Sunday, June 23, 2013

Defining the relationship

What is it?
Defining the relationship means discussing with people whom you are romantically involved (or potentially involved) about what your relationship specifically is, and what you want in that relationship.  This primarily includes whether you want something short- or long-term, a casual fling, or a serious committed relationship.  But there are many types of relationships: platonic friendship, friends with romantic feelings (but nothing sexual), "friends with benefits," one-night stand, "few-night" stands, casual sex (which could be a fling that is clustered for a finite time, or on/off over long-term), serious/committed, and even non-sexual long-term partners.

You could also discuss things such as whether you are seeing (or can see) other people, how much space/time you want, what to expect in your relationship, what you want/don't want, how quickly you want to progress sexually, and boundaries.  If you both want a serious relationship, you should also discuss at some point about being mutually exclusive.

Why define the relationship?
This conversation is not easy but is important to have so there is mutual understanding about what to expect.  This is a sign of respect and prevents feelings from being hurt later if there were discrepant intentions.  It will also promote an honest and open relationship.

Who should I define the relationship with?
Have this discussion with everyone you are involved with romantically (or potentially involved with), even if it is on the first date.  You don't want to lead anyone on.  

When should I define the relationship?
It is beneficial to have this discussion early (especially the type of relationship you want - casual or serious).  I would recommend talking about it within the first couple of dates, especially before you get intimate.  You don't want to waste time pursuing a relationship that will inevitably end because you both had different agendas.  You could also feel hurt/used if you became intimate, thinking you both were in a serious relationship, only to find out later that the other person wanted something casual. 

Even if you are both seeking a serious relationship, it doesn't mean that you are mutually exclusive.  You and/or your partner may be dating other people, and haven't decided which one to become committed to yet.  Note that dating more than one person does not necessarily translate into your partner not liking you, not taking your relationship seriously, or not being able to commit to a serious long-term relationship later.

Do not assume that you are mutually exclusive after going out on a certain number of dates or after a certain number of week/months, sleeping together, or hitting a particular milestone in the relationship (such as meeting their friends/family).  It is not official until it has been explicitly discussed and agreed upon.  So when does one have this discussion?  I personally think it's best to discuss being mutually exclusive once you have decided the other person is a potential good long-term partner.

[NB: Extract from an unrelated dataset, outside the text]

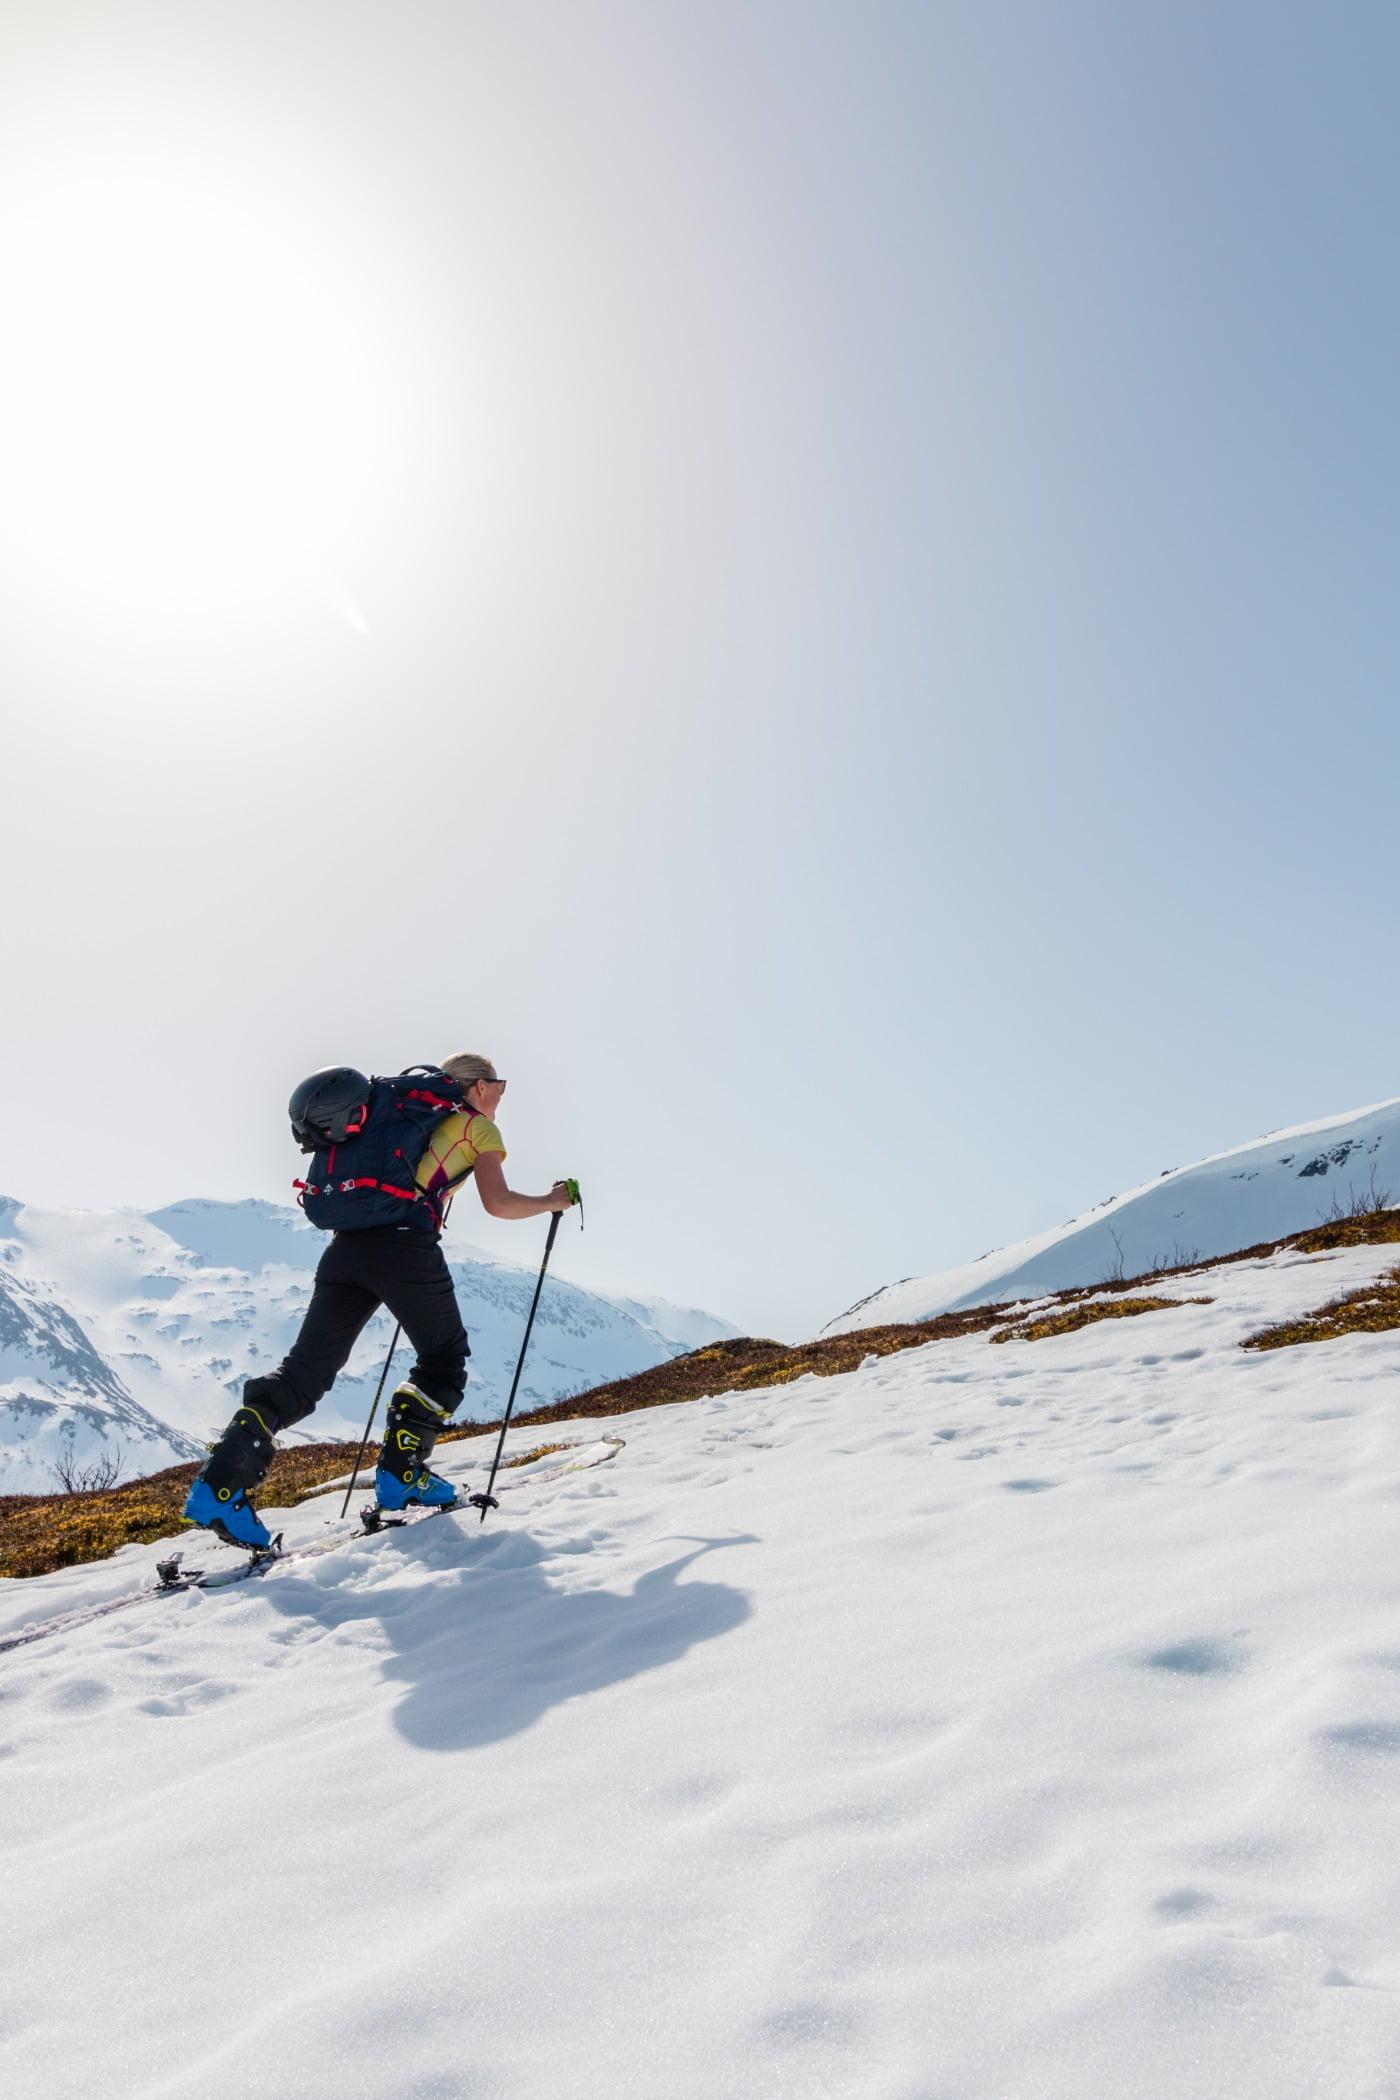 Outdoor recreation, Ski pole, Glacial landform, Winter sport, Sports equipment, Skier, Slope
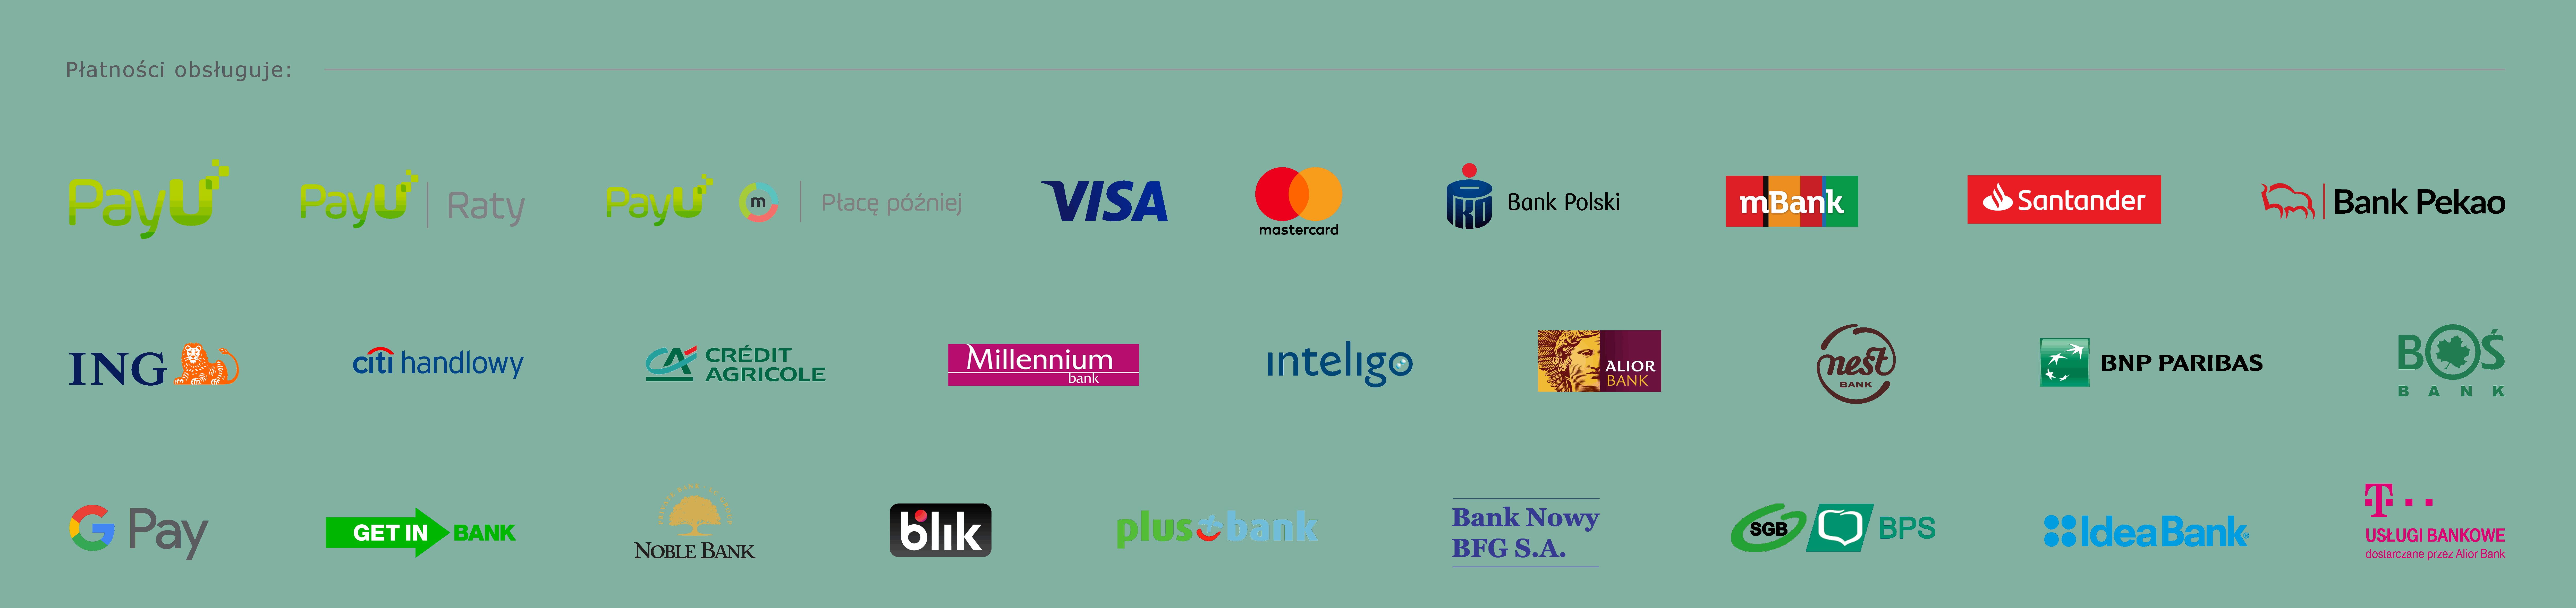 pasek banki karty raty odroczona platnosc gpay e1581603244993 - Regulamin

Where should I have the discussion?
Discuss this personal and important matter when you are both not rushed for time, and in a private place in case emotions run high.  The exception may be someone you are meeting for the first time.  In that case, you will most likely discuss it in a public setting since that is where you are meeting.

How should I discuss it?
Explain that you want to have this discussion so you are both on the same page and know what to expect.  You don't want to waste anyone's time (yours or theirs), nor want either one of you to get hurt.  Be direct, clear and honest.  It could be as simple as: "I am looking for a serious committed relationship, and want to make sure you are too, so that I don't waste either your or my time."  If you are discussing being mutually exclusive, tell them that you are ready to make that step because they have such wonderful qualities, and ask if they feel the same about you.

The other person may not be able to give you a yes/no answer right away.  Listen to what they have to say and what their current position is.  Discuss but don't push them to give you an absolute yes/no answer.  You sprang this important conversation topic on them, so give them time to think about it if they need.